**Problem statement**
Output exactly, in the material below, the lines from the one with "beistelltisch pieperconcept athos" through the one with "THE BRONX _画像1". Omit all pictures.

**Dataset excerpts**
-- Opening Marker --

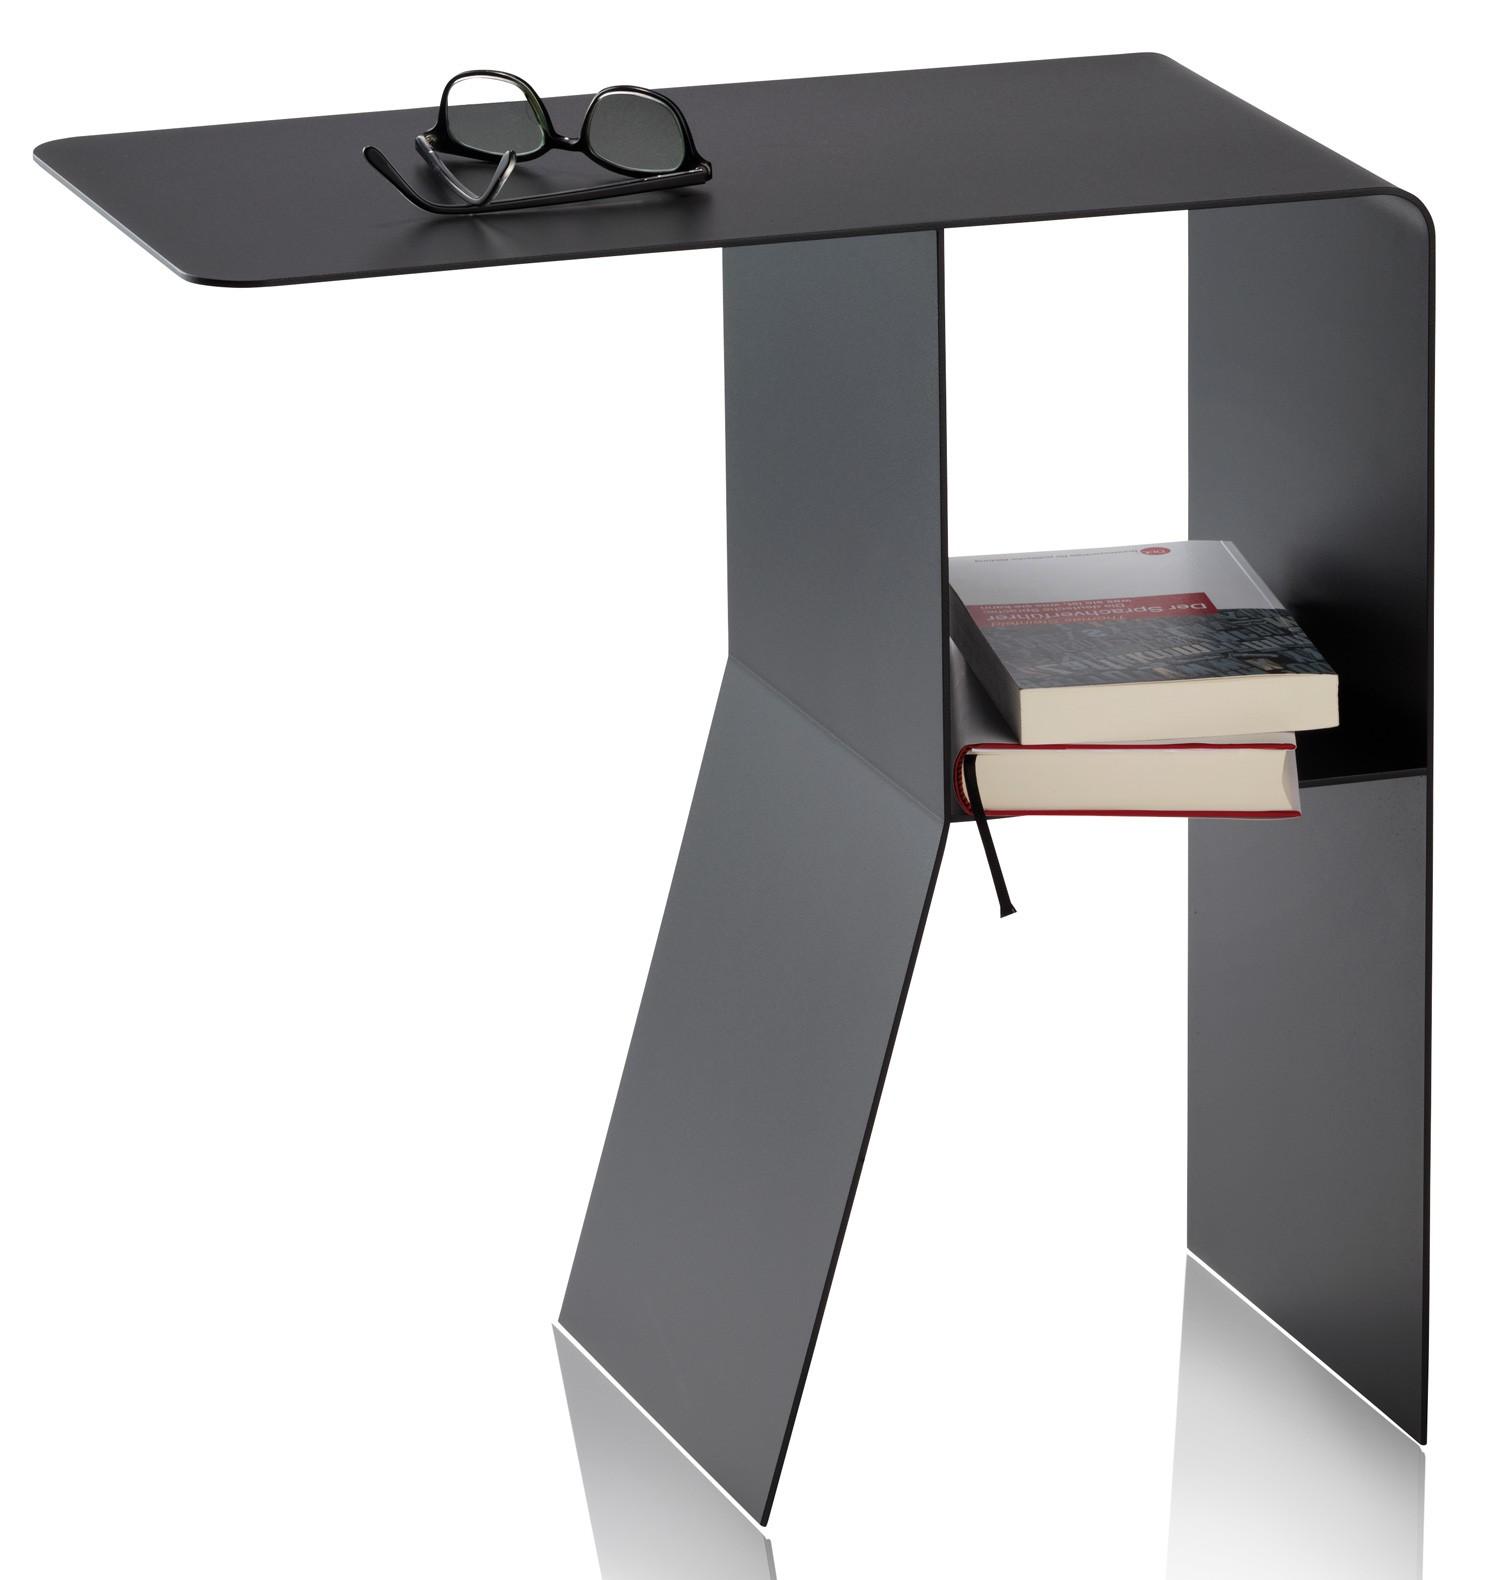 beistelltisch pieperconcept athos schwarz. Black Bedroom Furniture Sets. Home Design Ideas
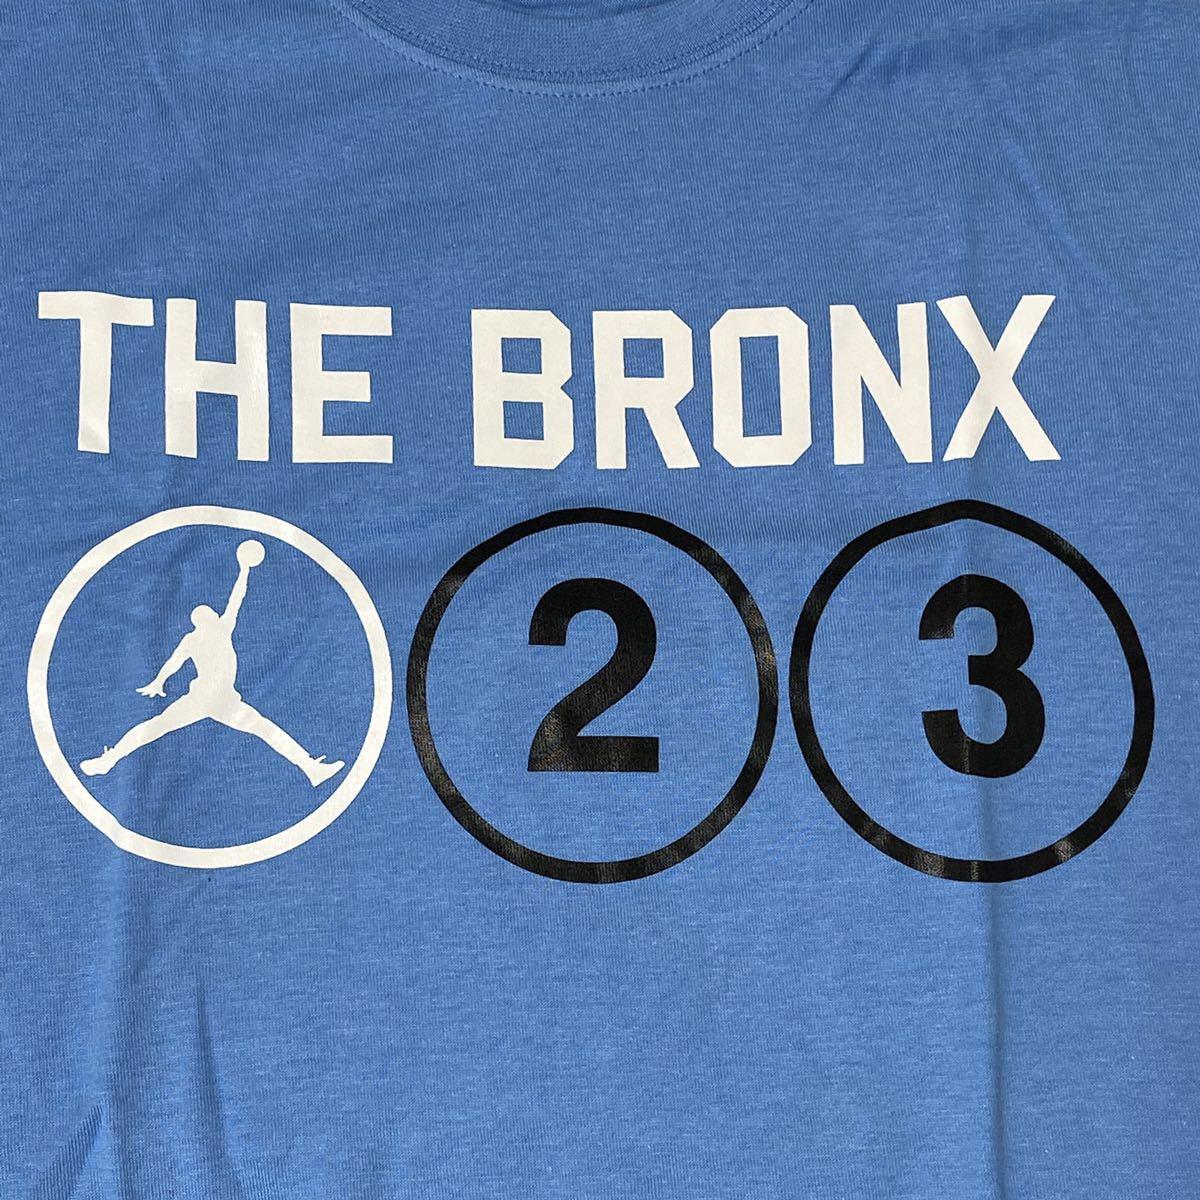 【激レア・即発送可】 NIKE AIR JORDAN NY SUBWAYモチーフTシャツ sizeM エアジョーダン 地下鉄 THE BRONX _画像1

-- Closing Marker --
-- Opening Marker --

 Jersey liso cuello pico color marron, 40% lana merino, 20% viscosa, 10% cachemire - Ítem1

-- Closing Marker --

**Written solution**
 beistelltisch pieperconcept athos schwarz. Black Bedroom Furniture Sets. Home Design Ideas
 【激レア・即発送可】 NIKE AIR JORDAN NY SUBWAYモチーフTシャツ sizeM エアジョーダン 地下鉄 THE BRONX _画像1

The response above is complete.